======== Recorded information ========
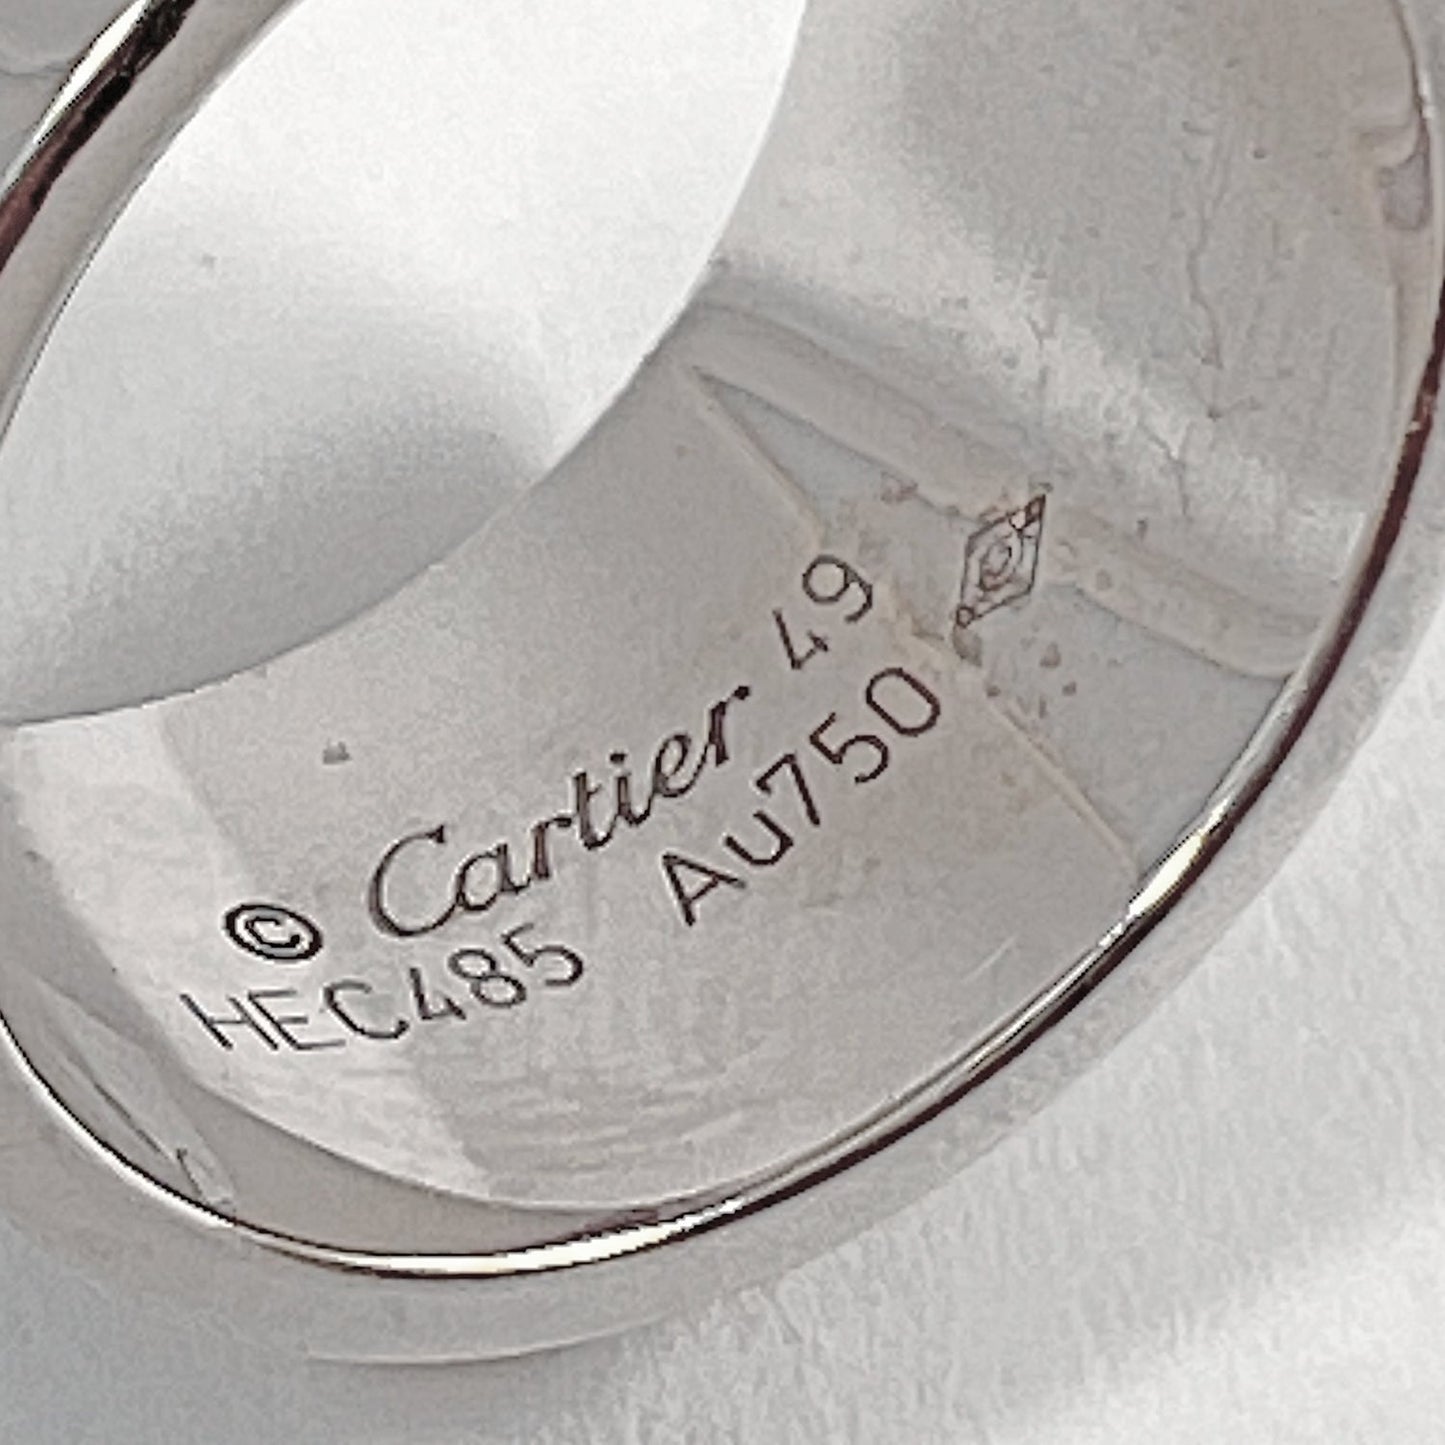 Cartier - 18k White Gold Wide LOVE Band Ring
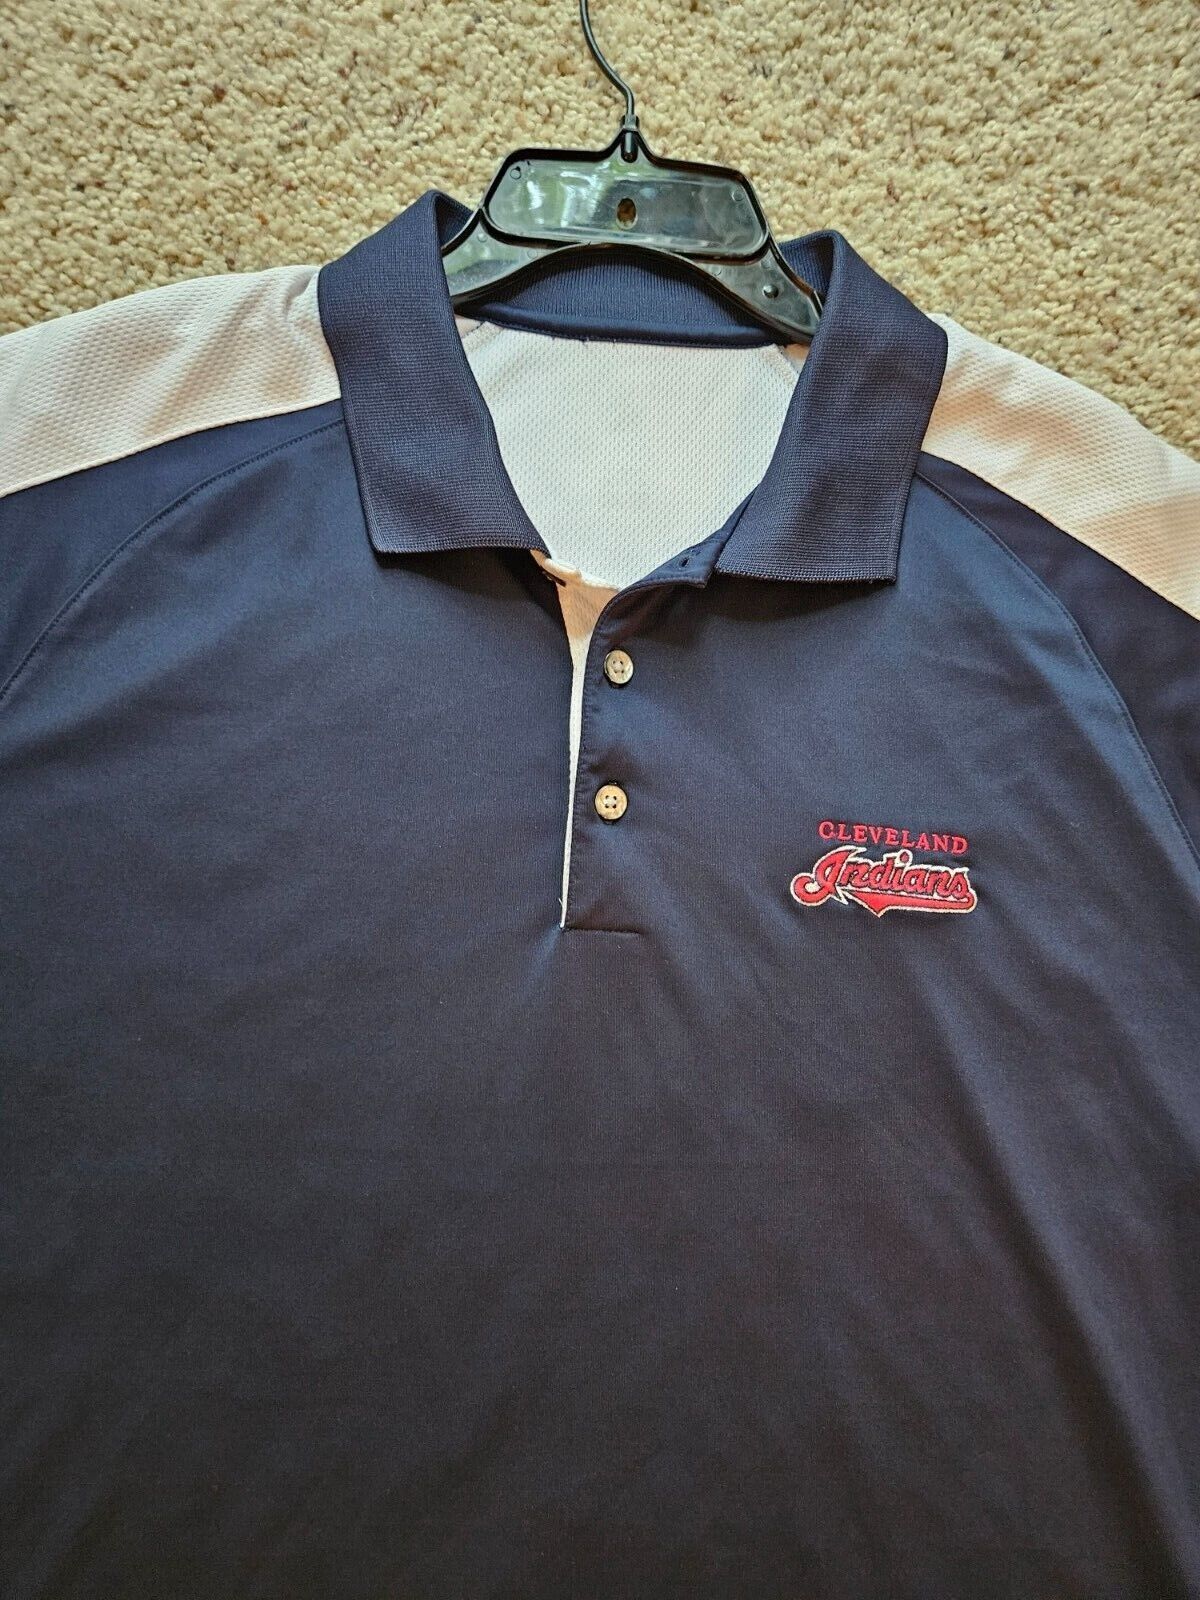 Cleveland Indians Blue with White Sleeves Polo Jersey Size XL
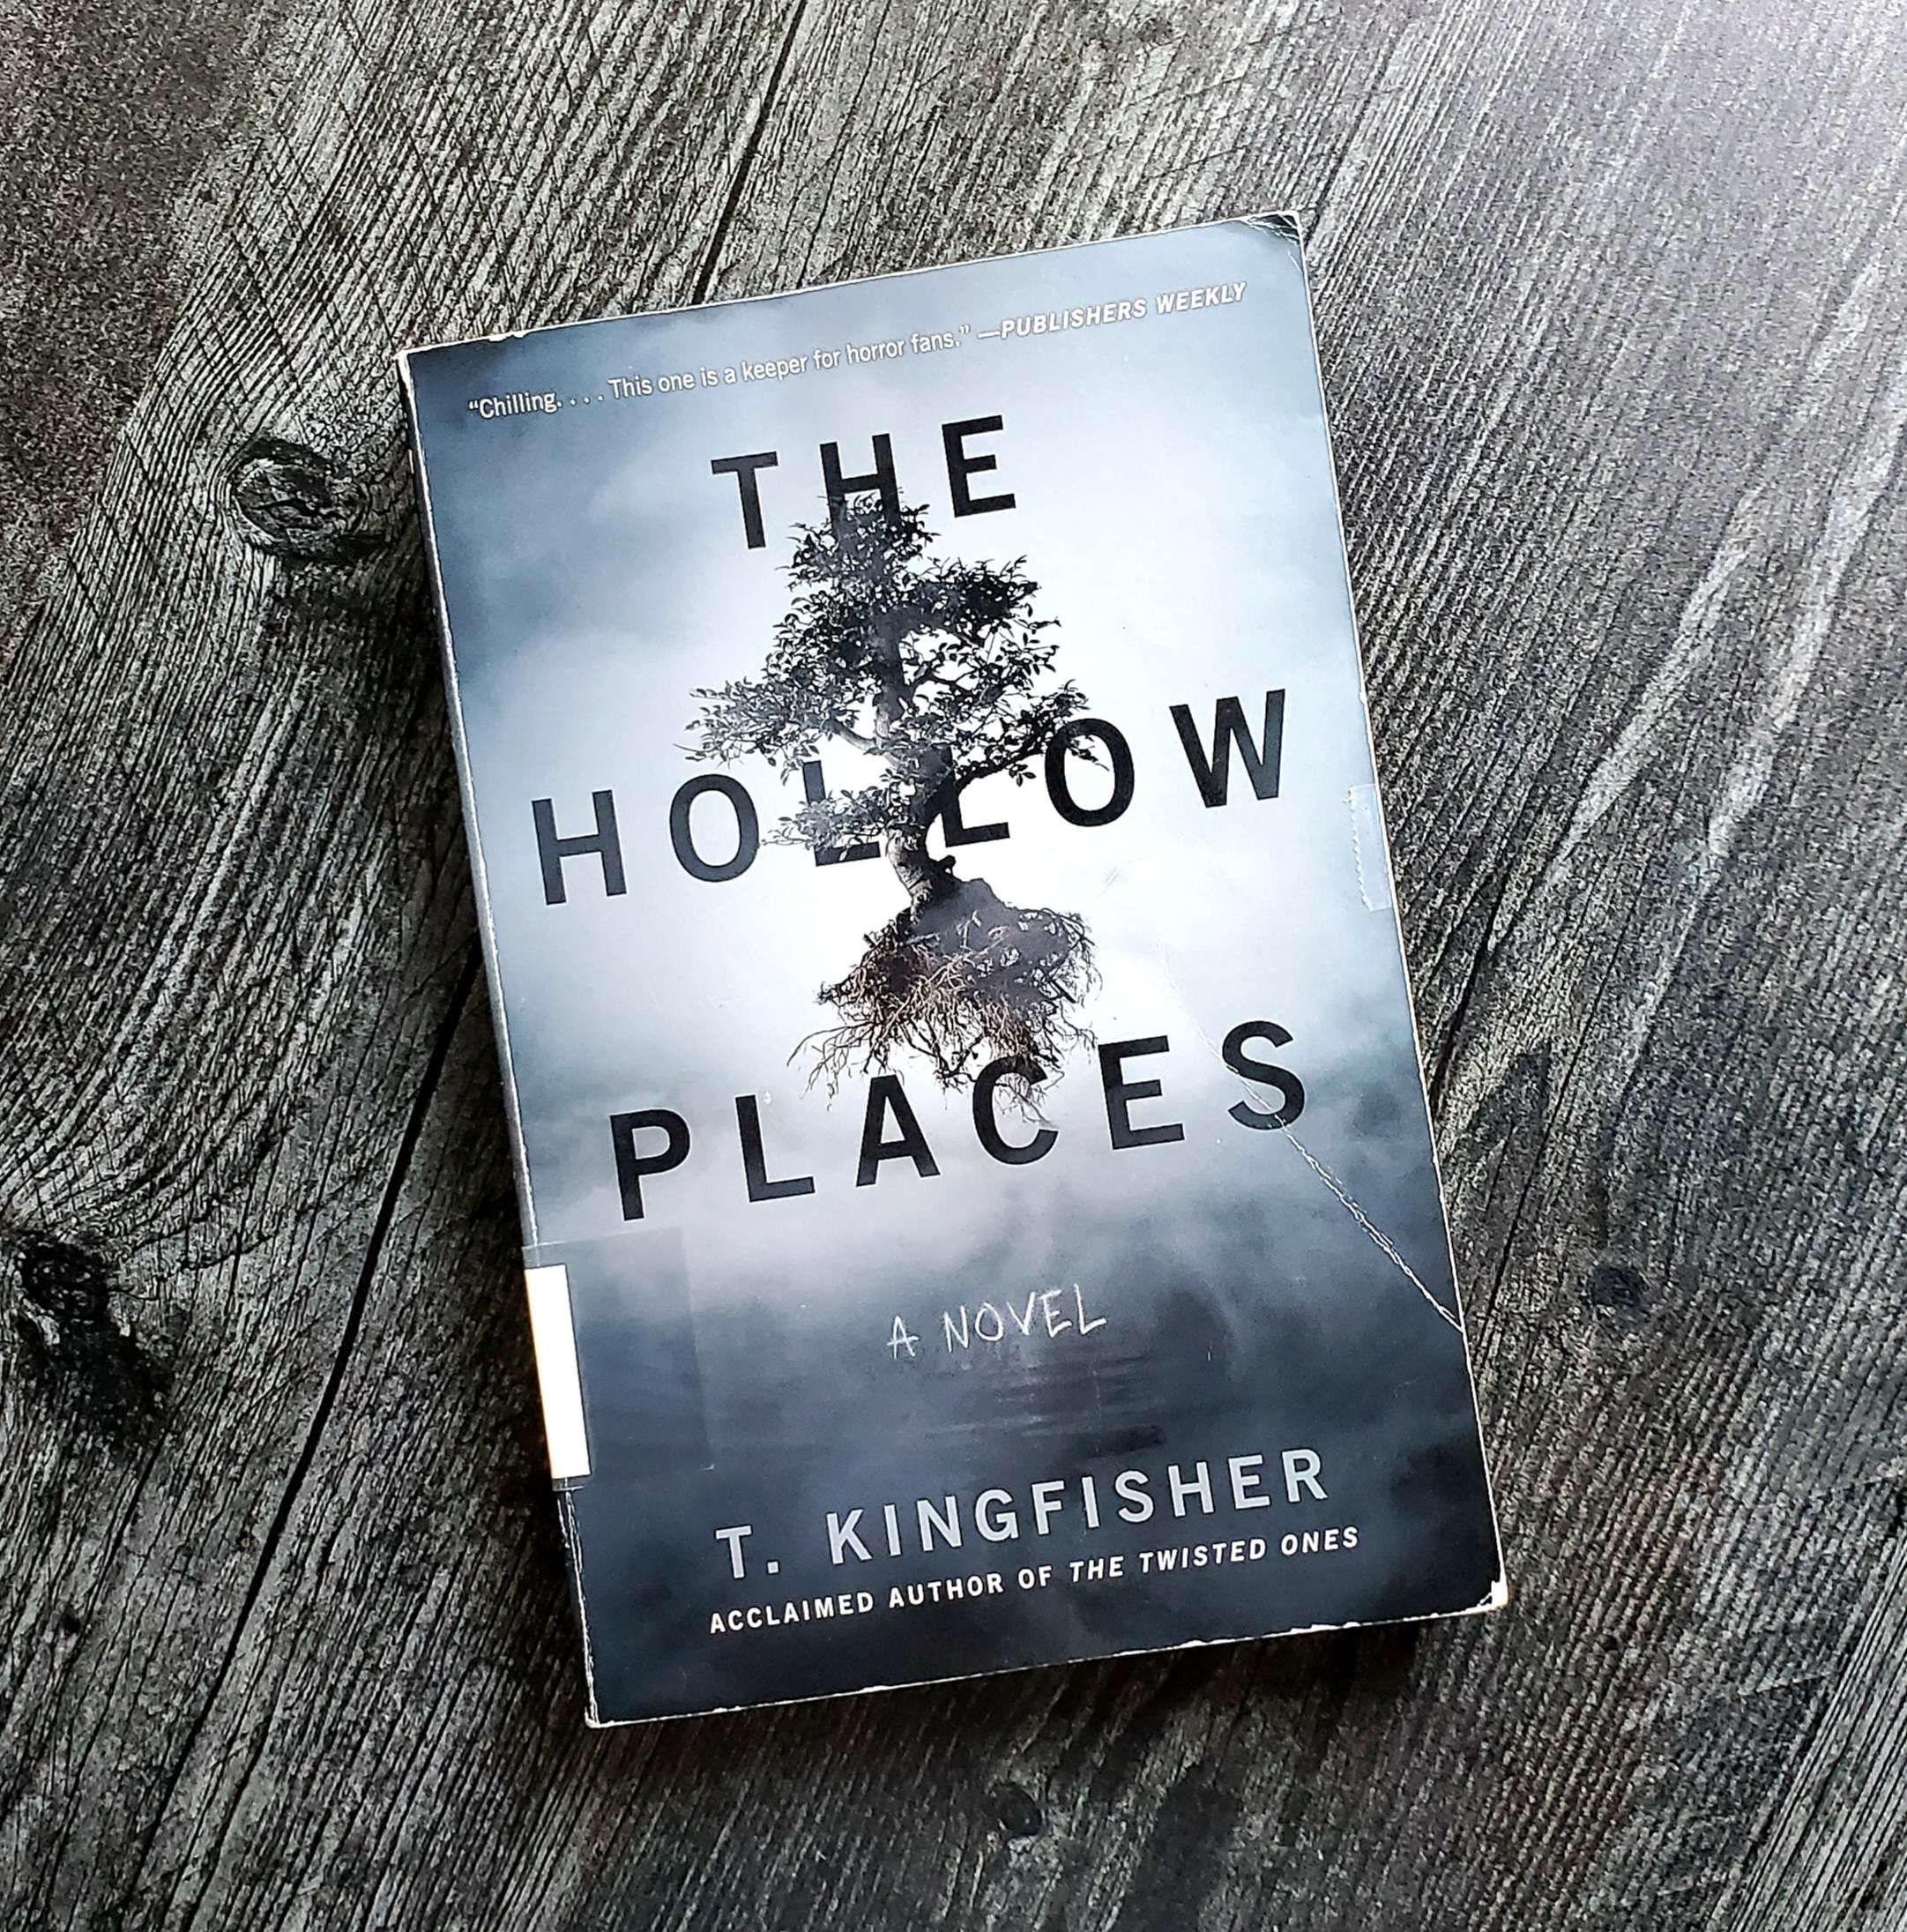 book cover of THE HOLLOW PLACES
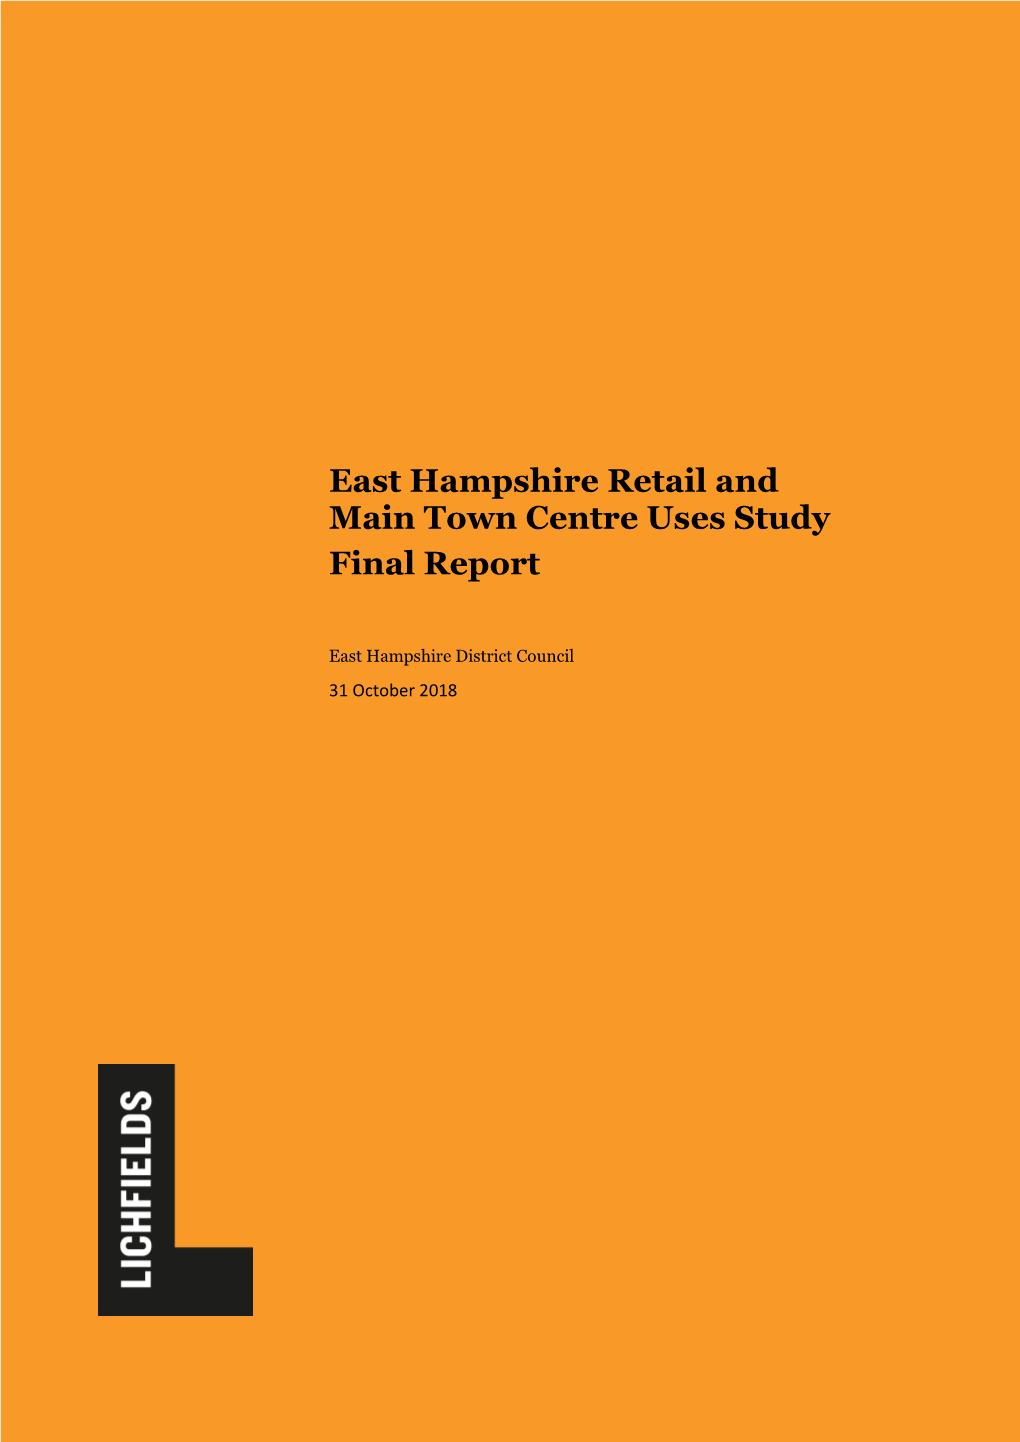 East Hampshire Retail and Main Town Centre Uses Study Final Report
========
Problem requirements - Restate word for word, and only, the lines from the line that contains "book cover of THE HOLLOW PLACES" through the end of the data, both included; pictures are not part of the copy.

Response to the task -
 book cover of THE HOLLOW PLACES
 East Hampshire Retail and Main Town Centre Uses Study Final Report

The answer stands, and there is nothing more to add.